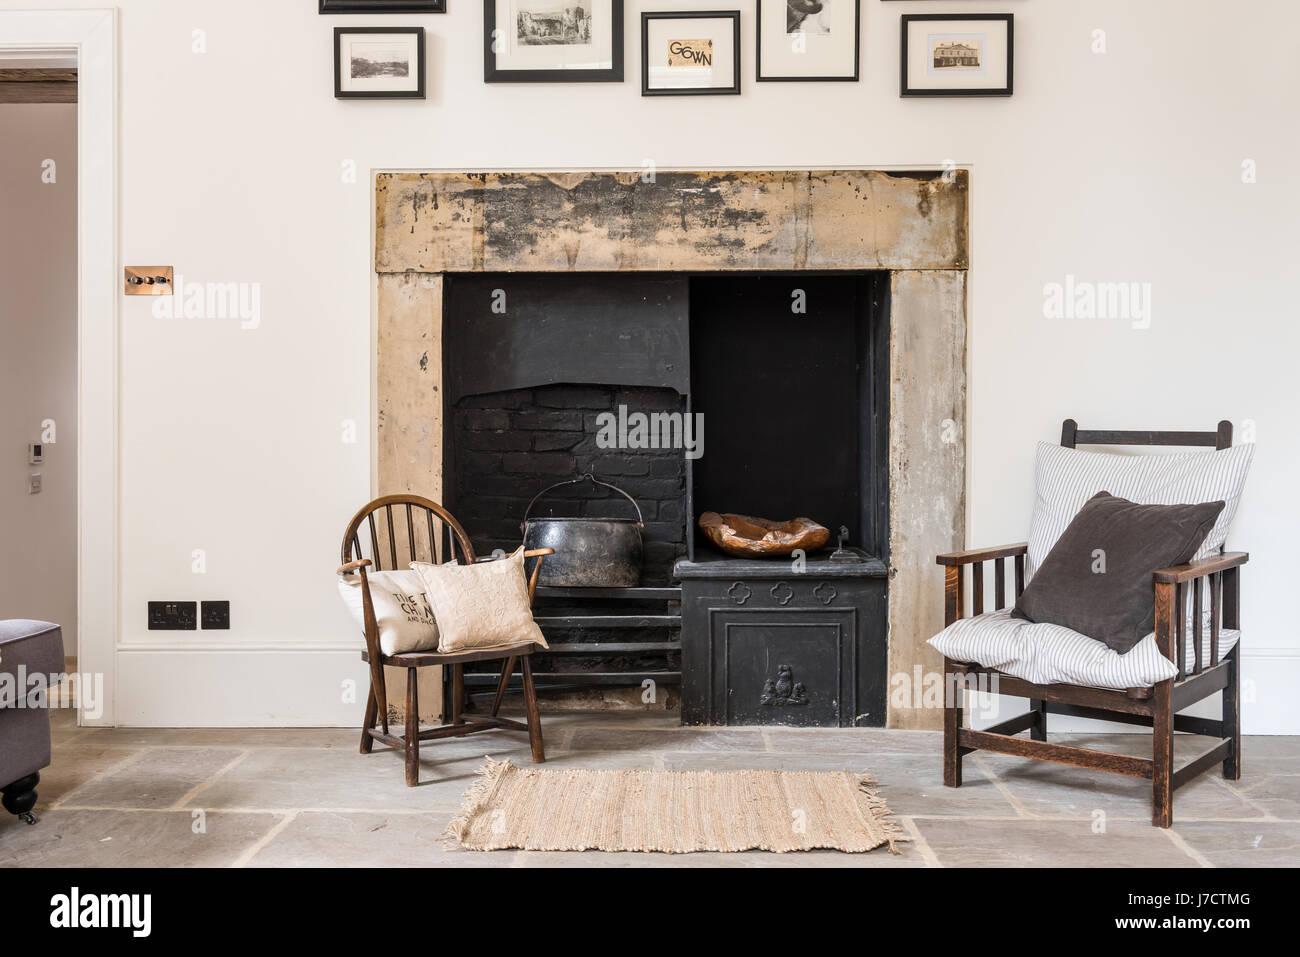 Original Kamin Im Wohnzimmer Mit Steinplatten Bodenbelag Und Alten Windsor  Stuhl
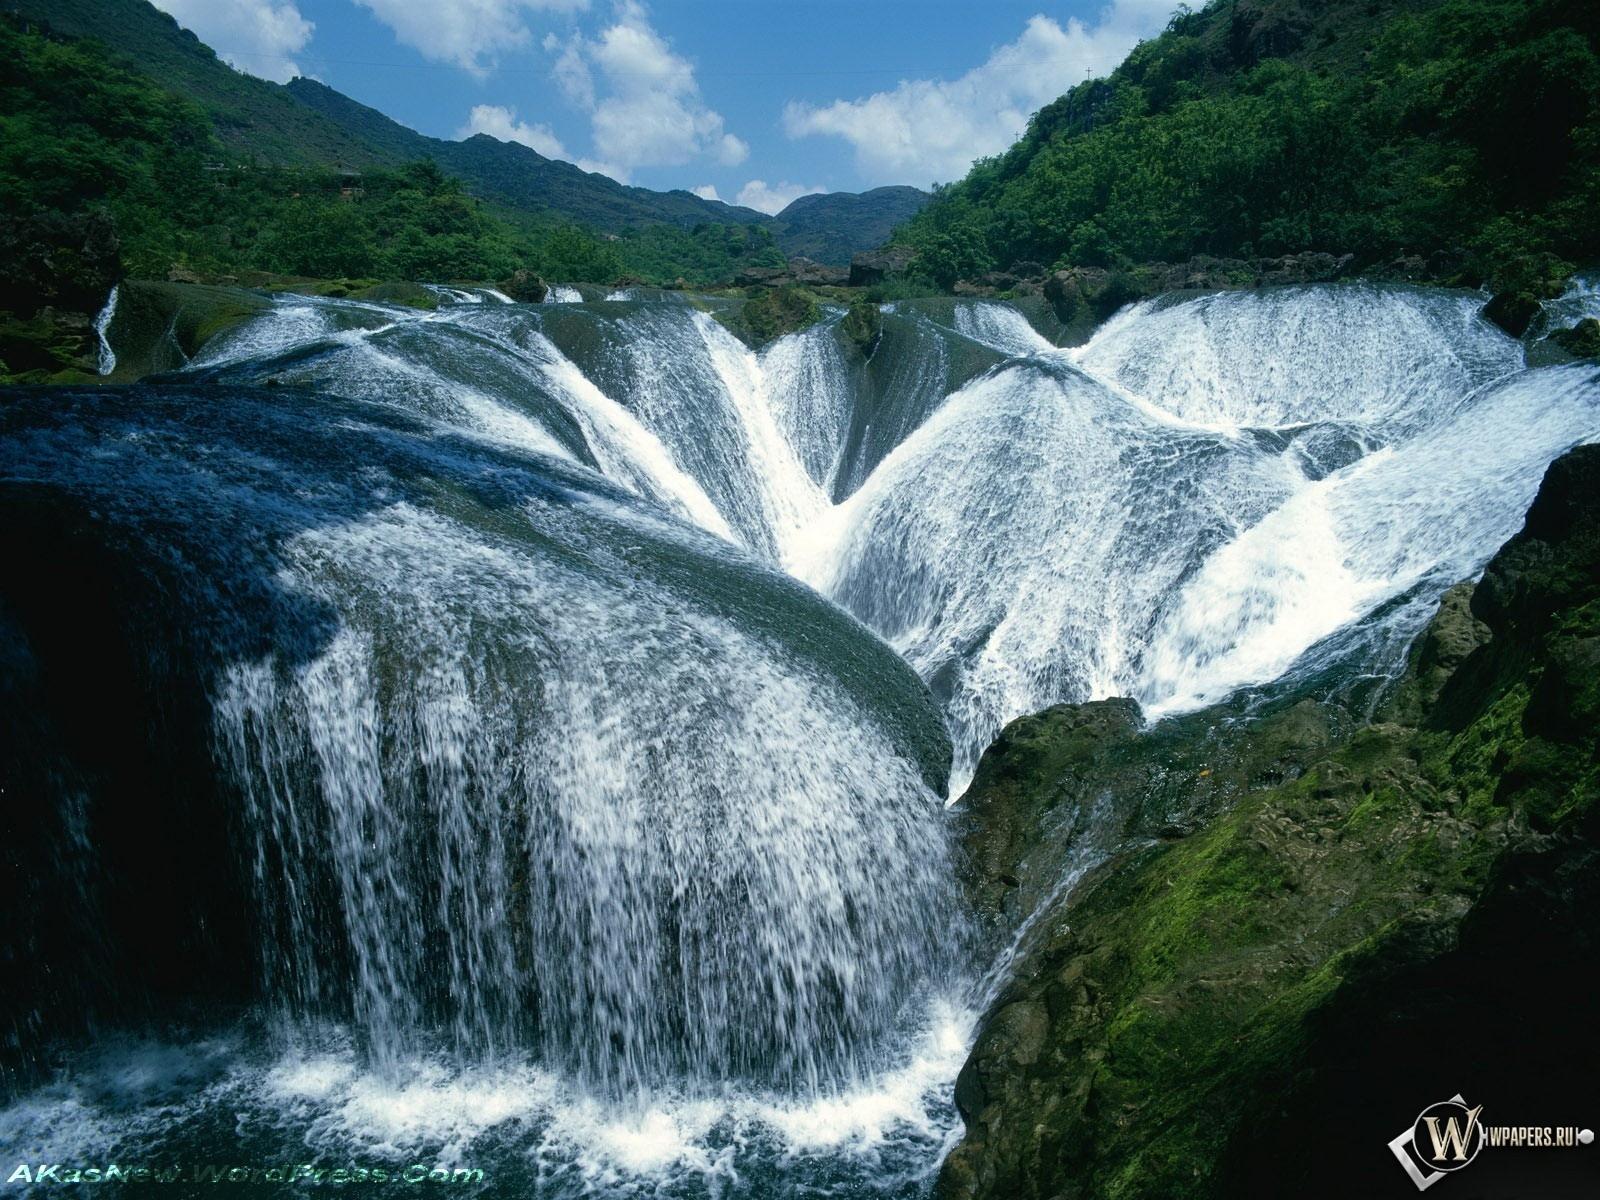 Водопад Жемчужина - долина Цзючжайгоу 1600x1200
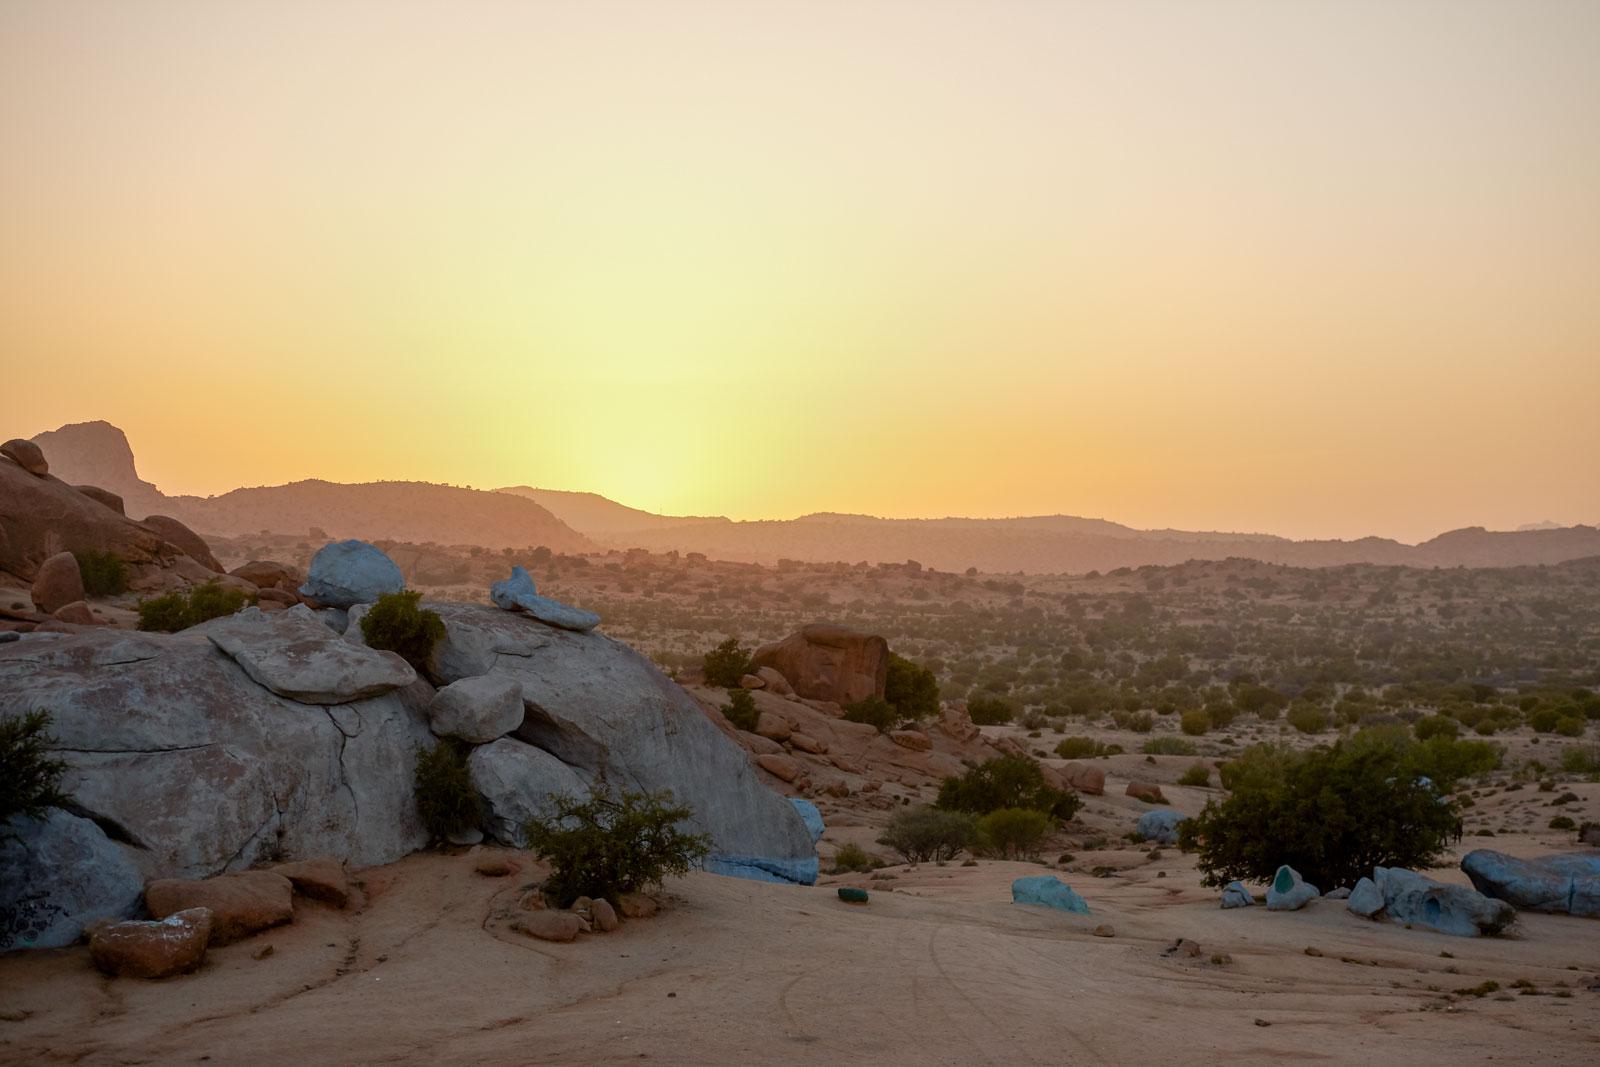 Bild von den blauen Felsen von Tafraoute, in den Bergen des Antiatlas Gebirges in Marokko

WORK TO BE COMPLETED = Restate the data above word for word, so that the only difference is the missing pictures.

SOLVED EXERCISE =
 Original Kamin Im Wohnzimmer Mit Steinplatten Bodenbelag Und Alten Windsor  Stuhl
 Водопад Жемчужина - долина Цзючжайгоу 1600x1200
 Bild von den blauen Felsen von Tafraoute, in den Bergen des Antiatlas Gebirges in Marokko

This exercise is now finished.